[[ Information shown, beginning ]]
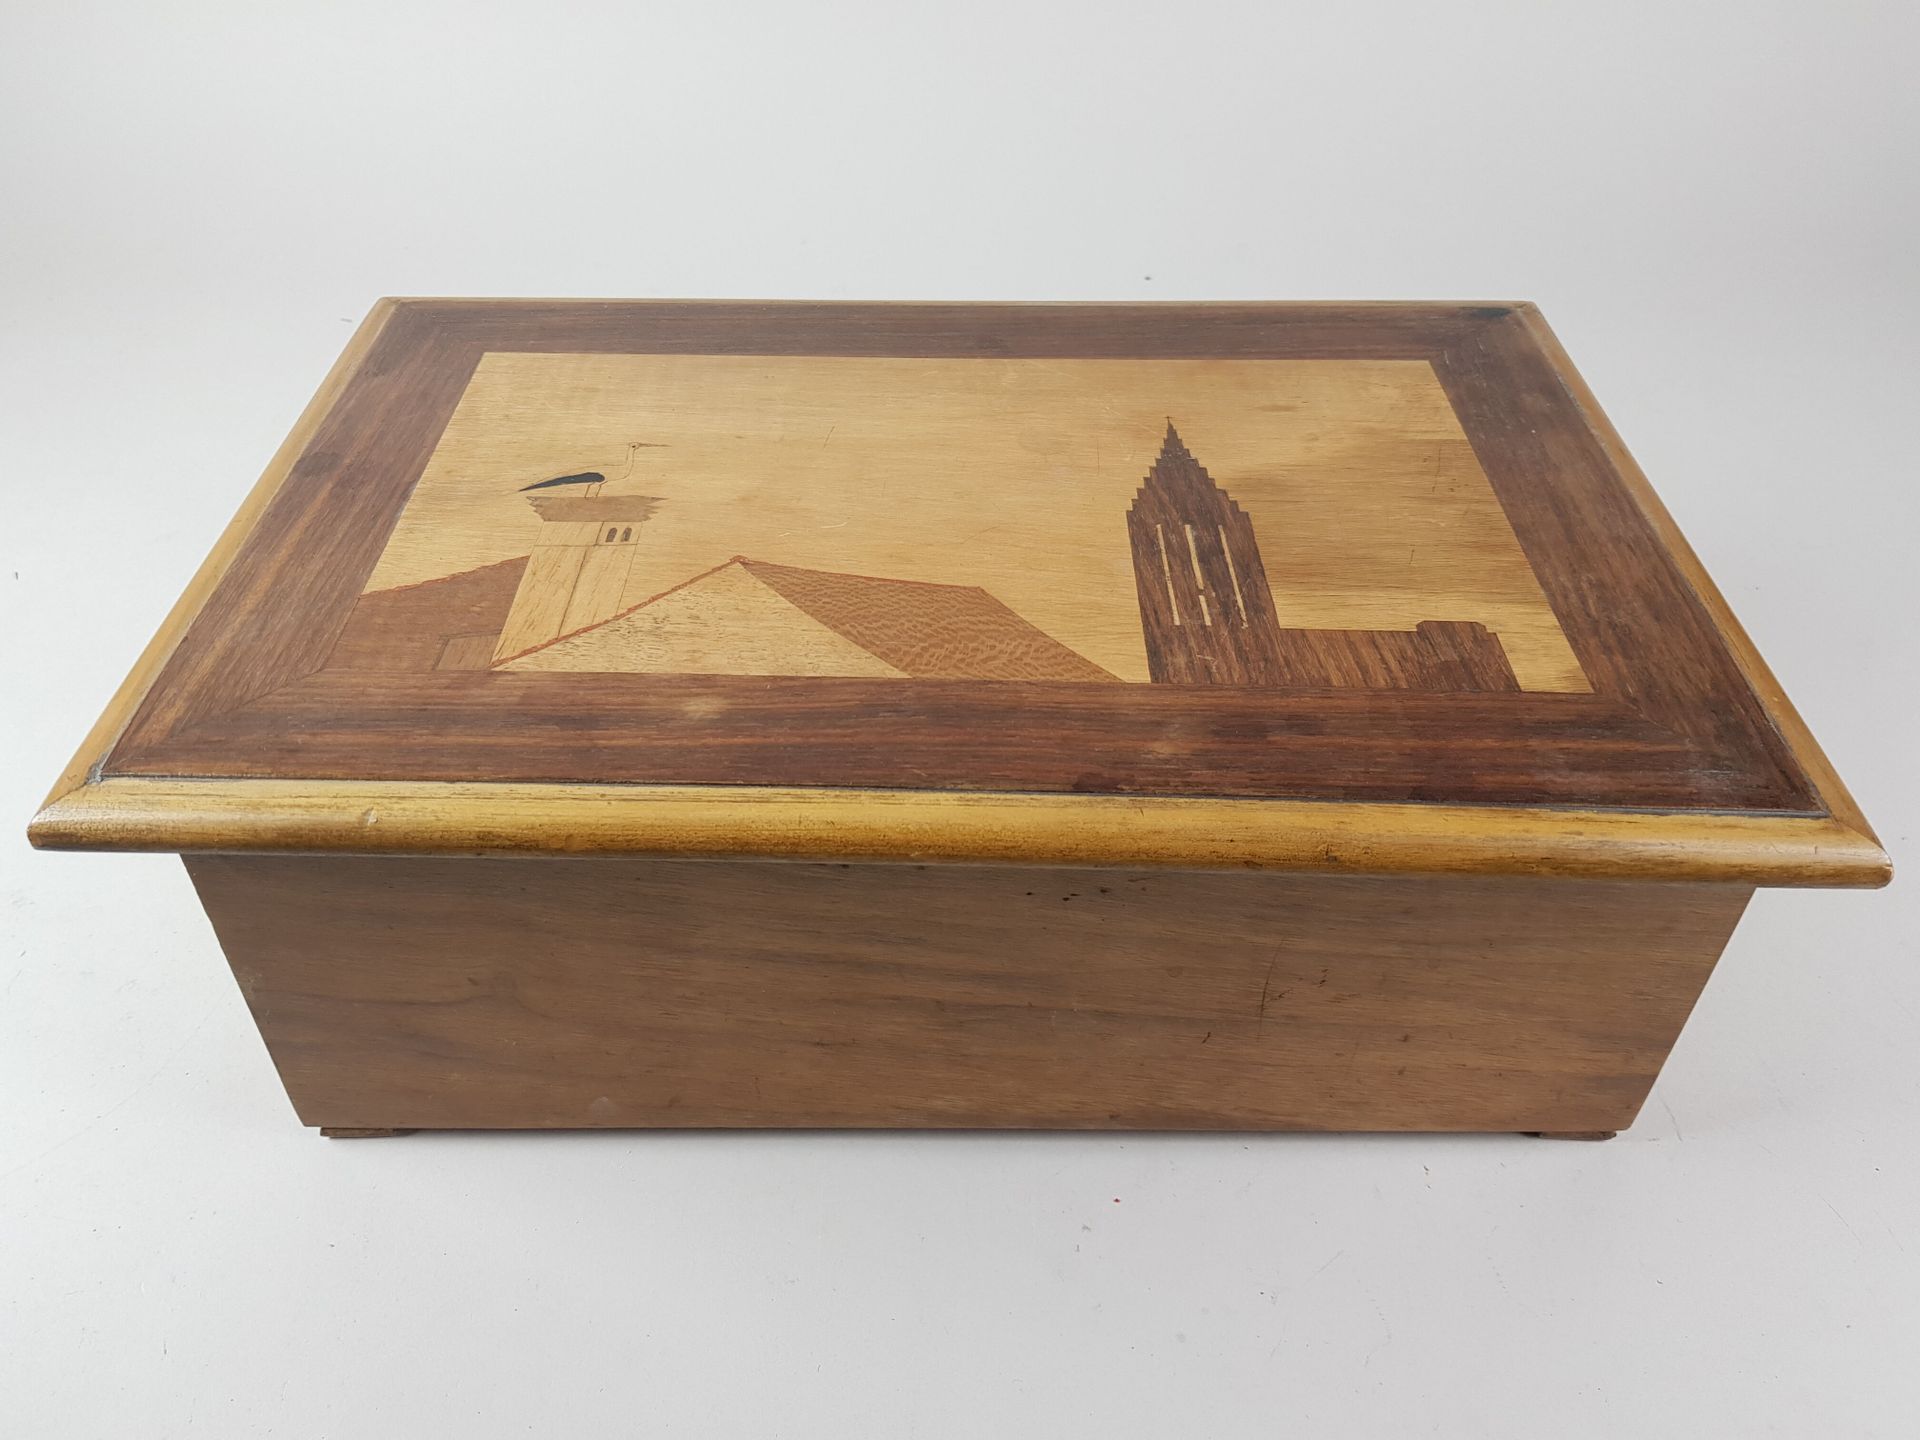 Null 镶嵌有斯特拉斯堡大教堂装饰的盒子。高13×宽37×深24厘米--磨损
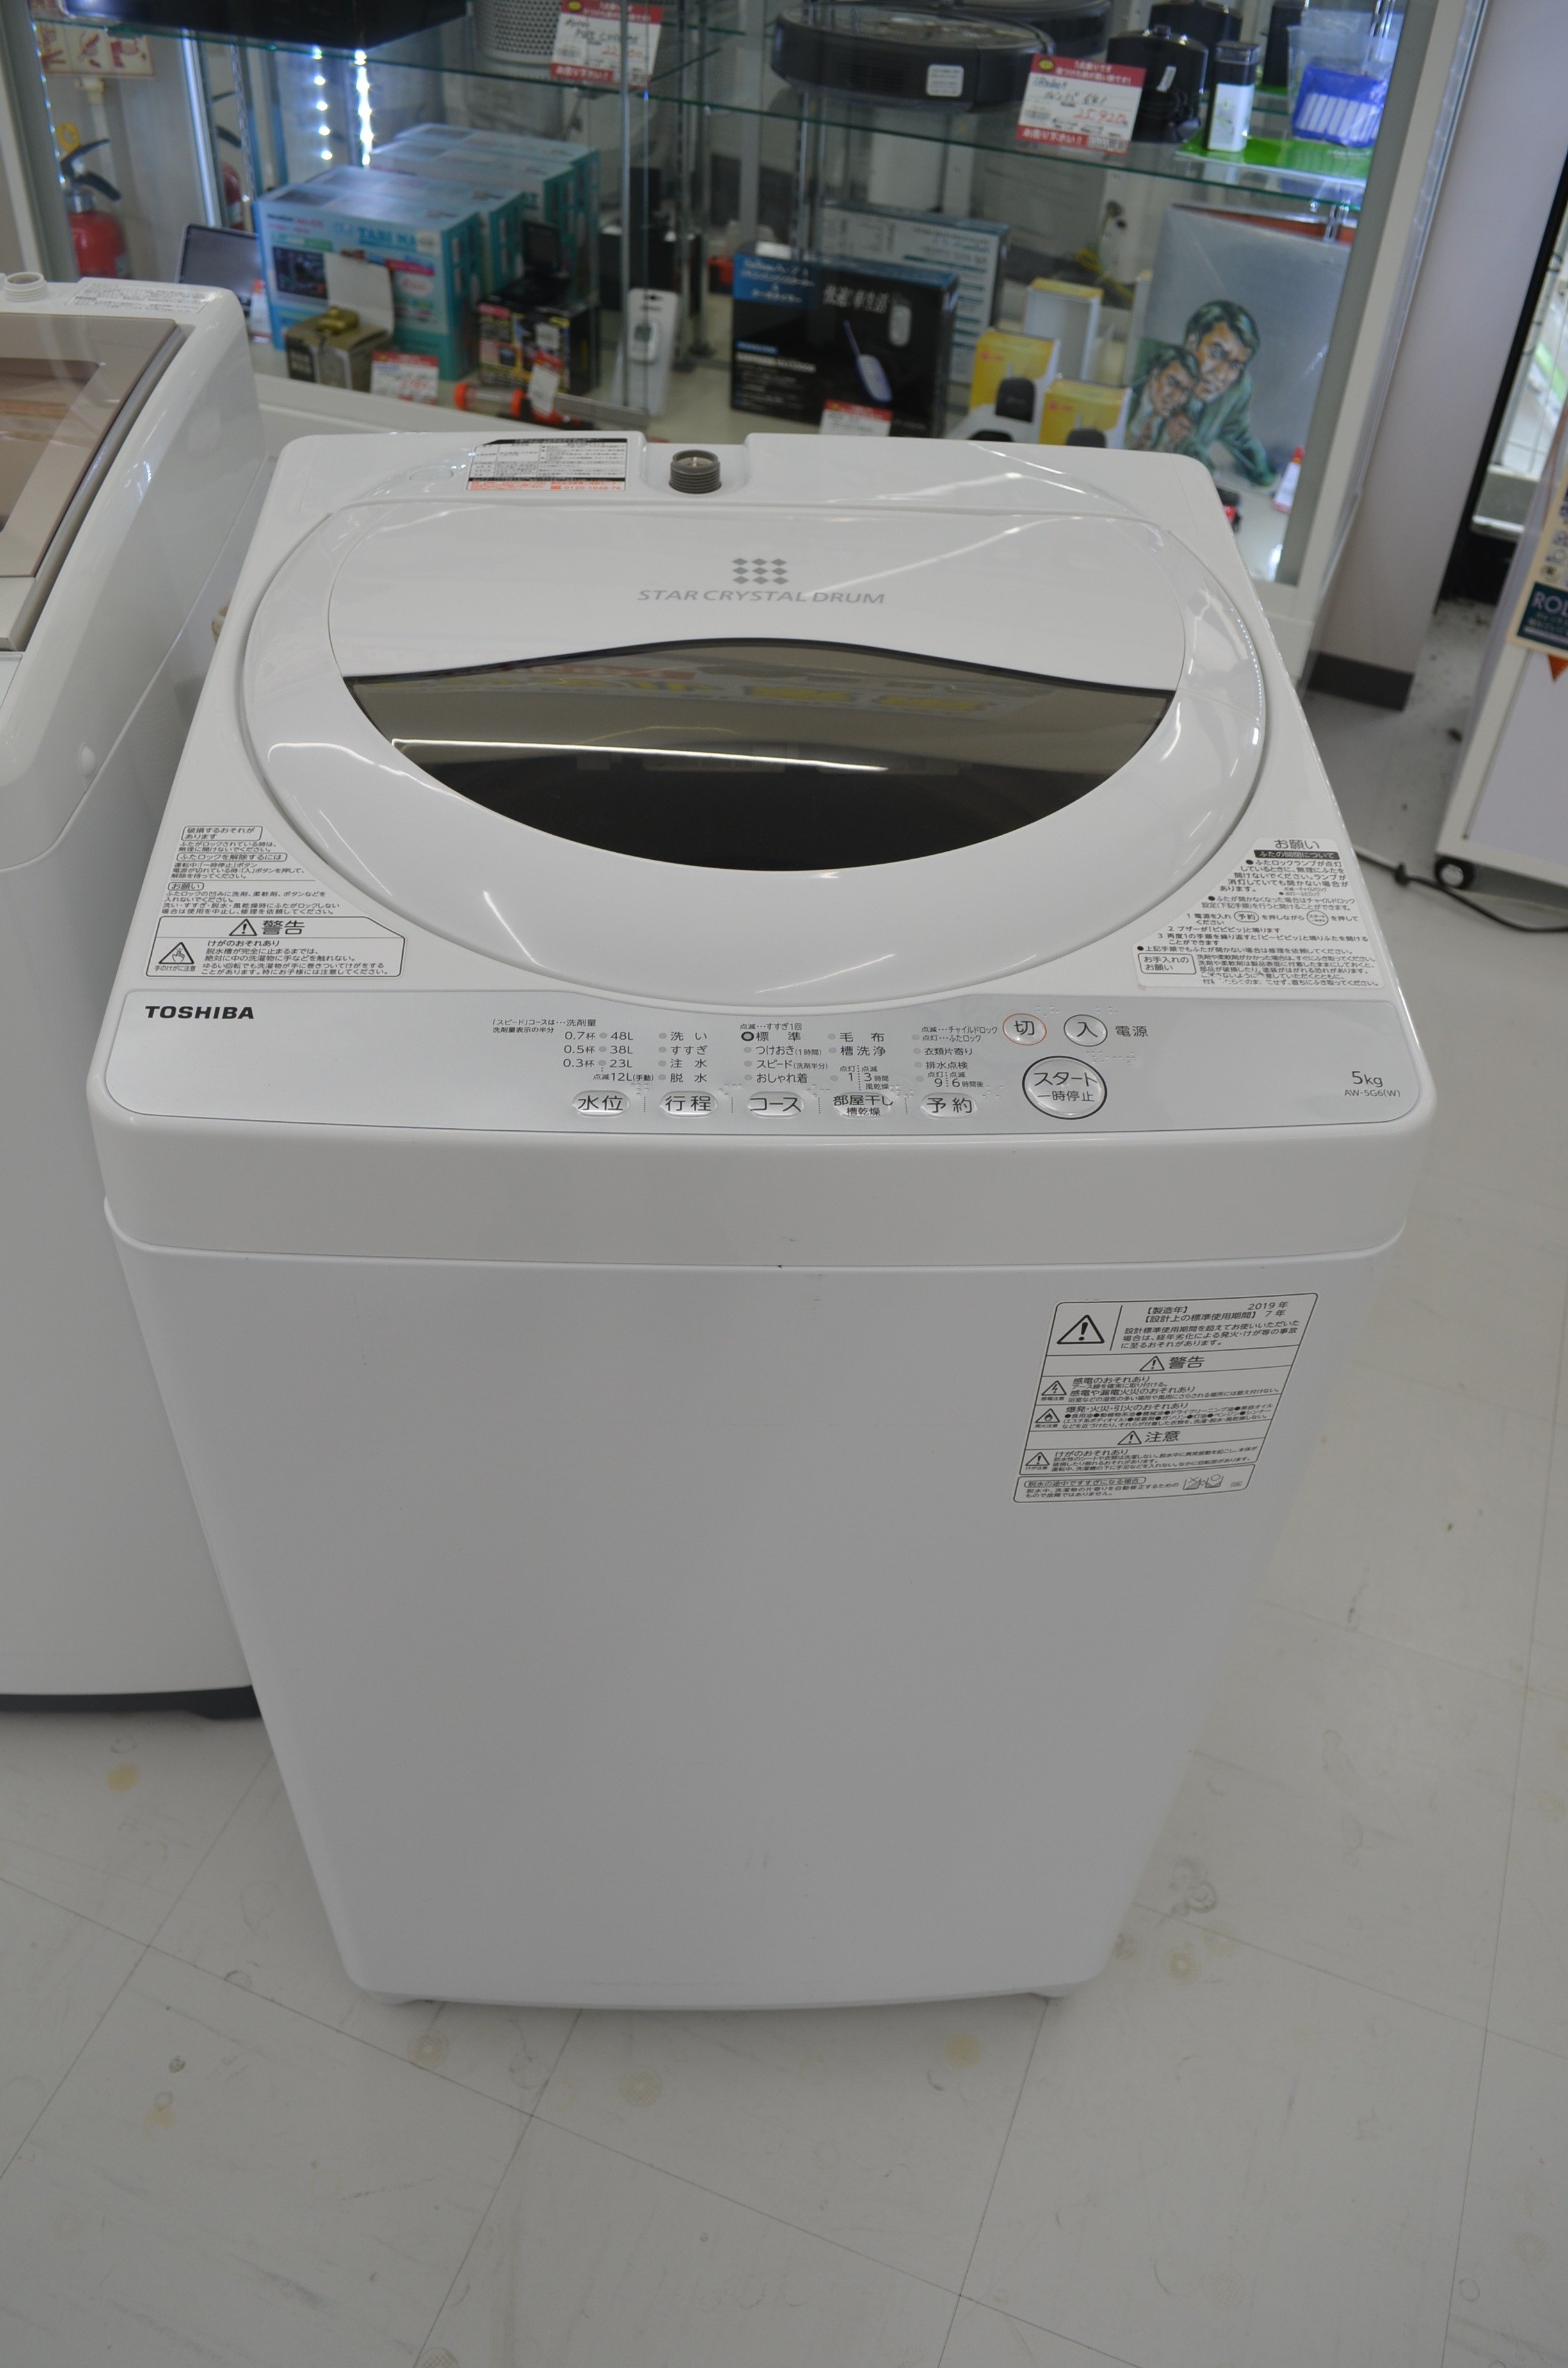 TOSHIBA 洗濯機 スタークリスタルドラム 買取いたしました!! | 洗濯機 
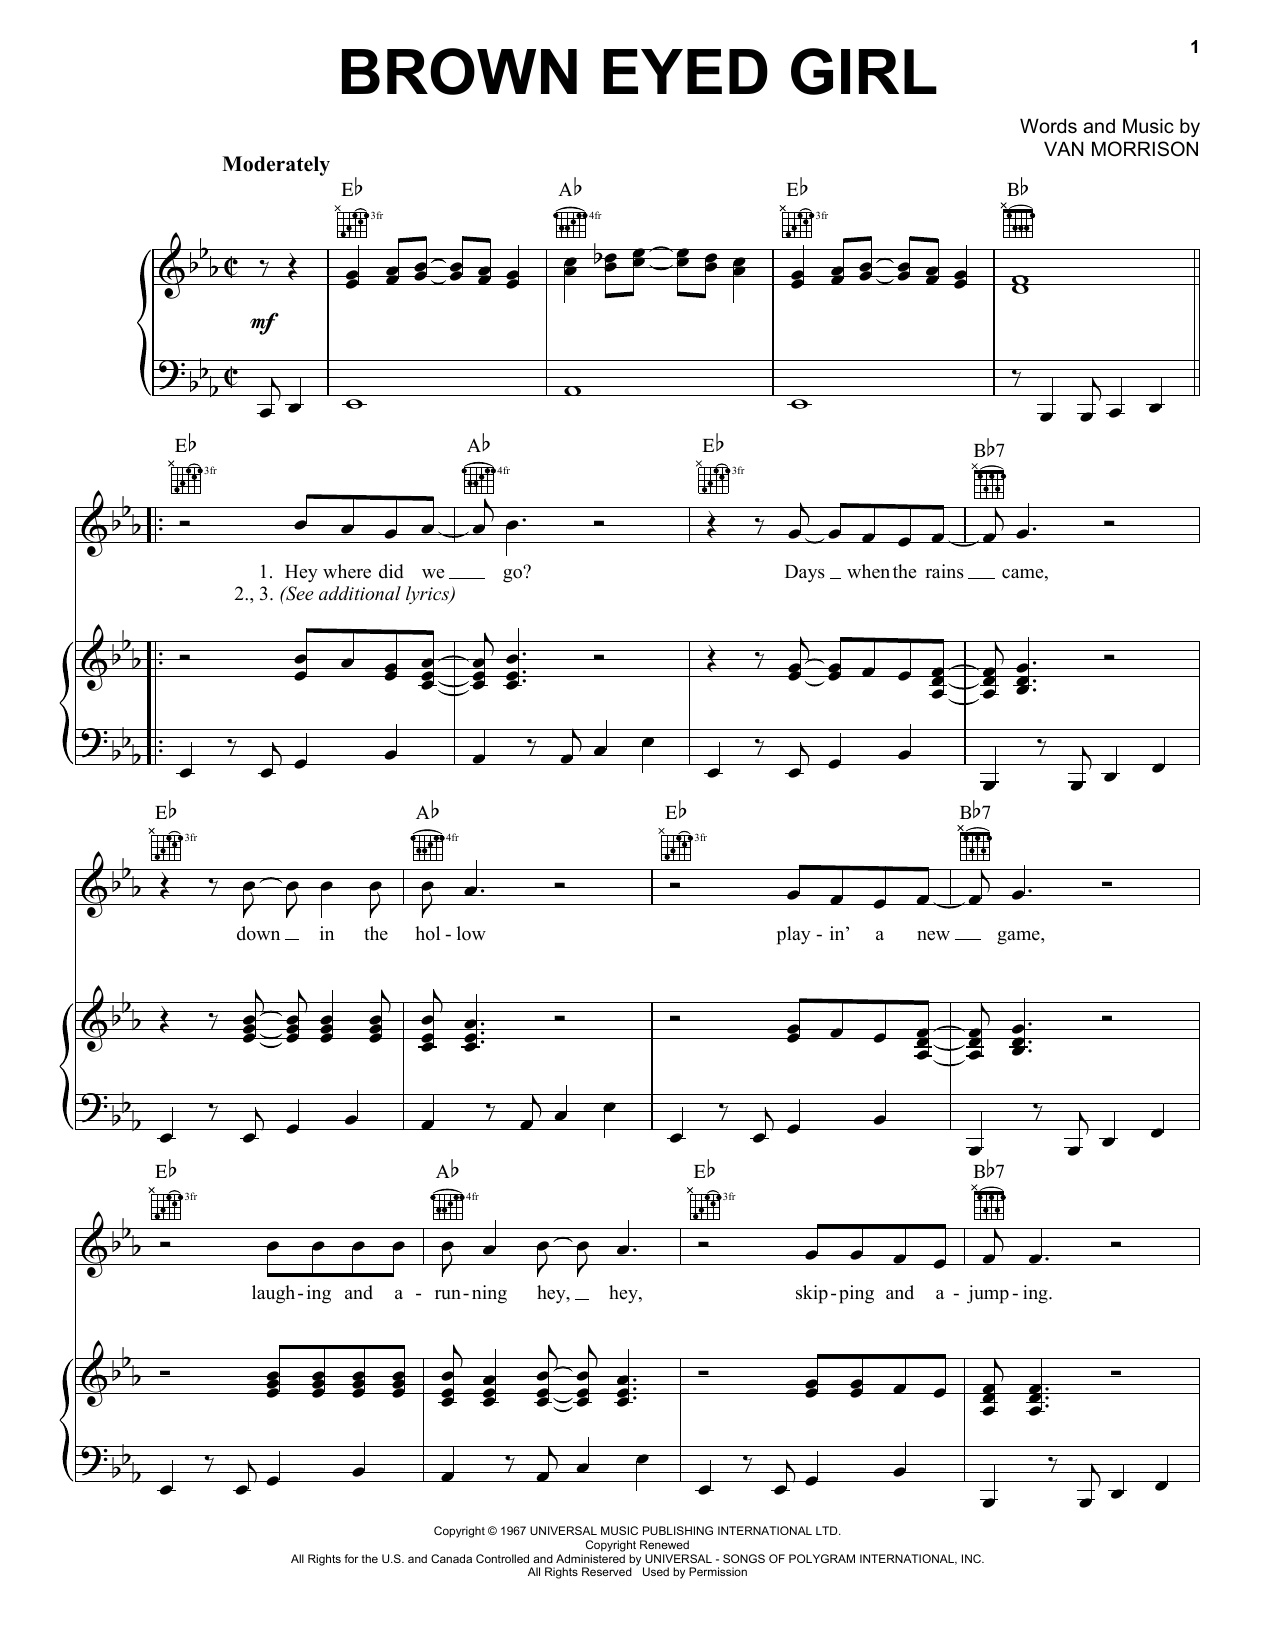 Van Morrison Brown Eyed Girl Sheet Music Notes & Chords for Alto Saxophone - Download or Print PDF
[[ Information shown, end ]]
**Task details:** Take the line containing "TOSHIBA 洗濯機 スタークリスタルドラム 買取いたしました!! | 洗濯機" through the last line of the material and retype exactly those lines, both ends included, with no pictures.

**Response to the exercise:**
 TOSHIBA 洗濯機 スタークリスタルドラム 買取いたしました!! | 洗濯機 
 Van Morrison Brown Eyed Girl Sheet Music Notes & Chords for Alto Saxophone - Download or Print PDF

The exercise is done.